In my previous post about competition among women, I did not talk about the assumption of sexuality as a zero sum game. If I have sex means that you don’t get to, then of course the pursuit of sex and sexual/romantic partners and the policing of sexuality becomes a hyper-vigilant and competitive dance.
Another interesting illustration of this was an email J and I received recently from a couple we had met a week or so ago. We had met them for drinks, and decided that although neither of us were attracted to either of them, we would definitely socialize with them more at our swingers club. They were on a trip to Portland and were only here for another week or so. After a few days and another email to them, they finally got back to us saying that they didn’t want to have an awkward time with us: they were uncomfortable thinking about “just” socializing with us, us introducing them to some of our sexy friends, and then what might happen if they hit it off with our sexy friends… wouldn’t that make us feel bad?
Reading their email made me cringe, laugh, and feel badly for them. To go through life assuming that sex is a zero-sum game is sad to me. I have experienced this in other areas of my life, too: money, good luck, love, happiness. The framework of a zero-sum game doesn’t make me feel good. Ever. It creates anxiety, frantic stress, and sadness.

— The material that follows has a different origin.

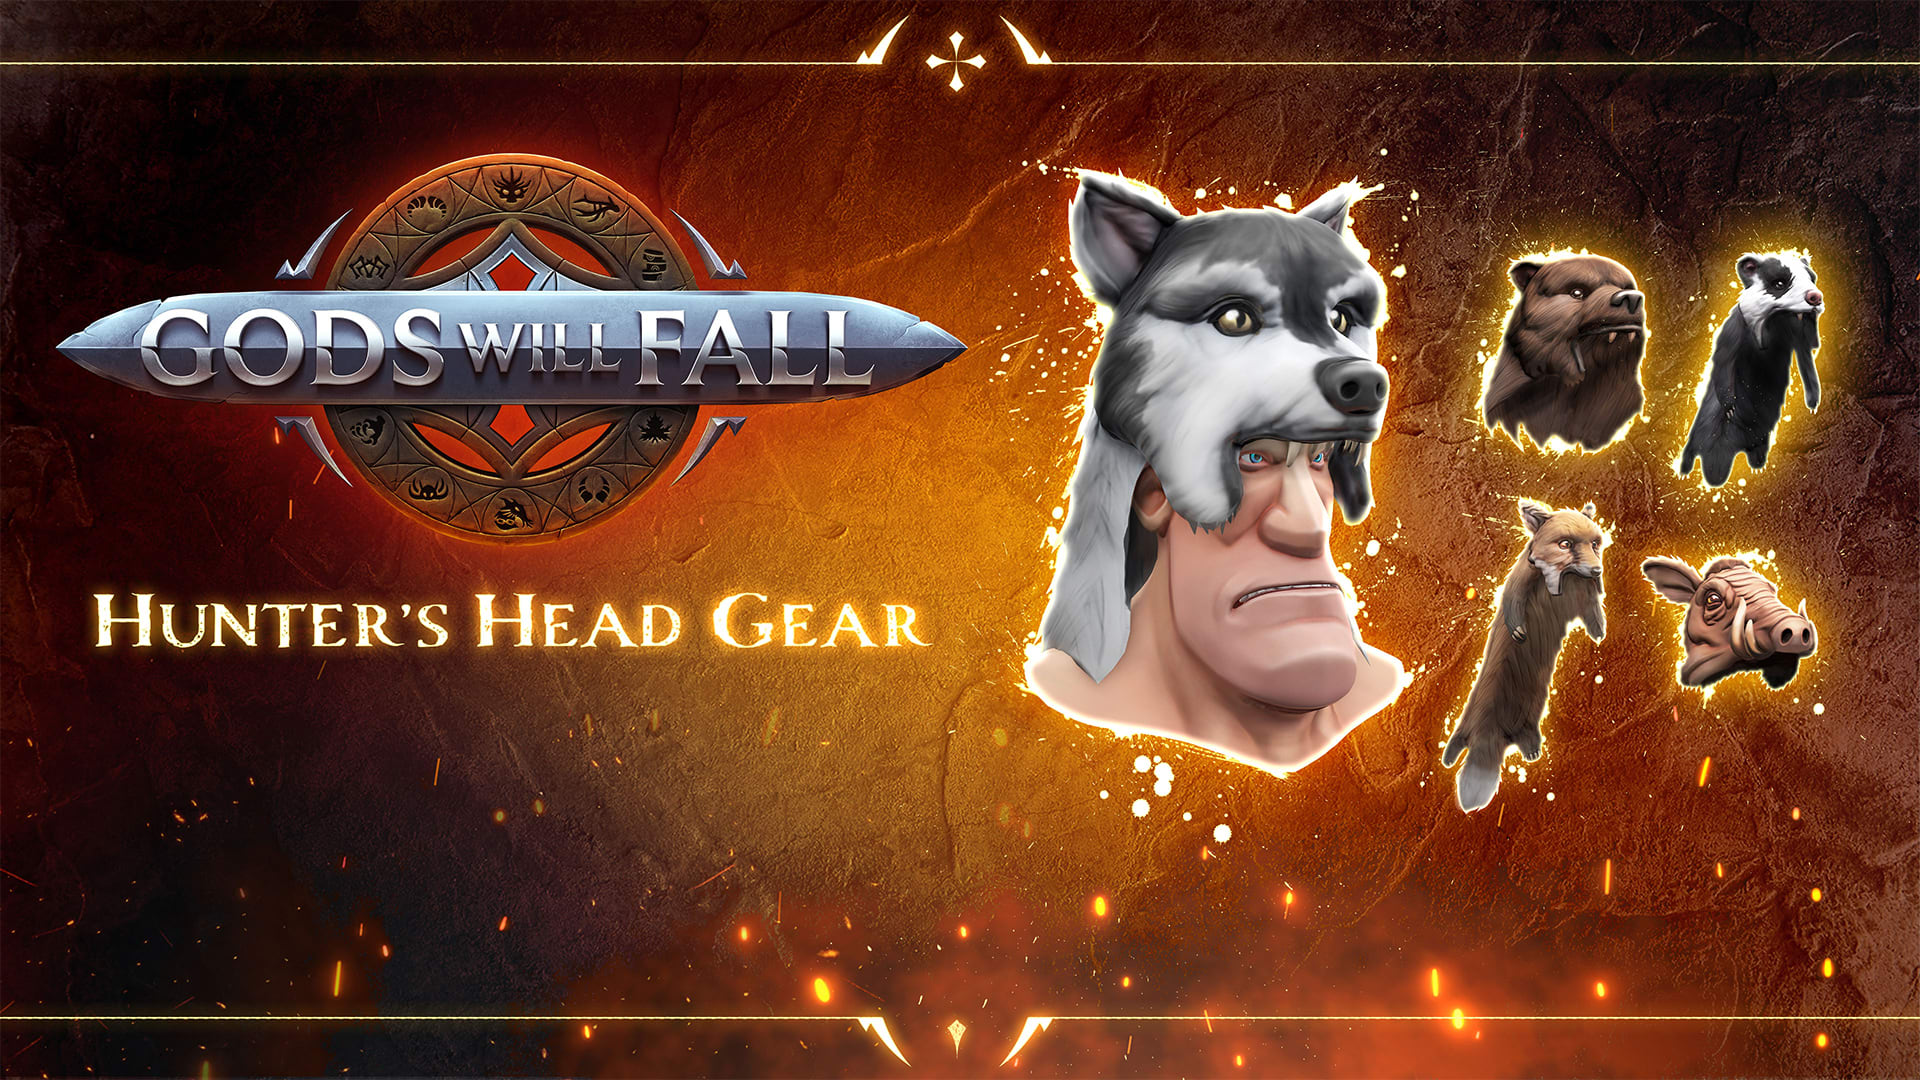 Gods Will Fall - Hunter's Head Gear

And the truth is: life is not zero sum. The more we give, the more we get. Sex included.
There are always loving people in the world who will be there for us, but only if we plan on it. Expecting less love and competition in romantic and sexual partners means we will act in accordance with that belief and inevitably have interactions that prove to us that life is a competition. Expecting a flourishing of love and sex, of happiness and real wealth in human interaction and connection, means we will experience all that those connections can offer.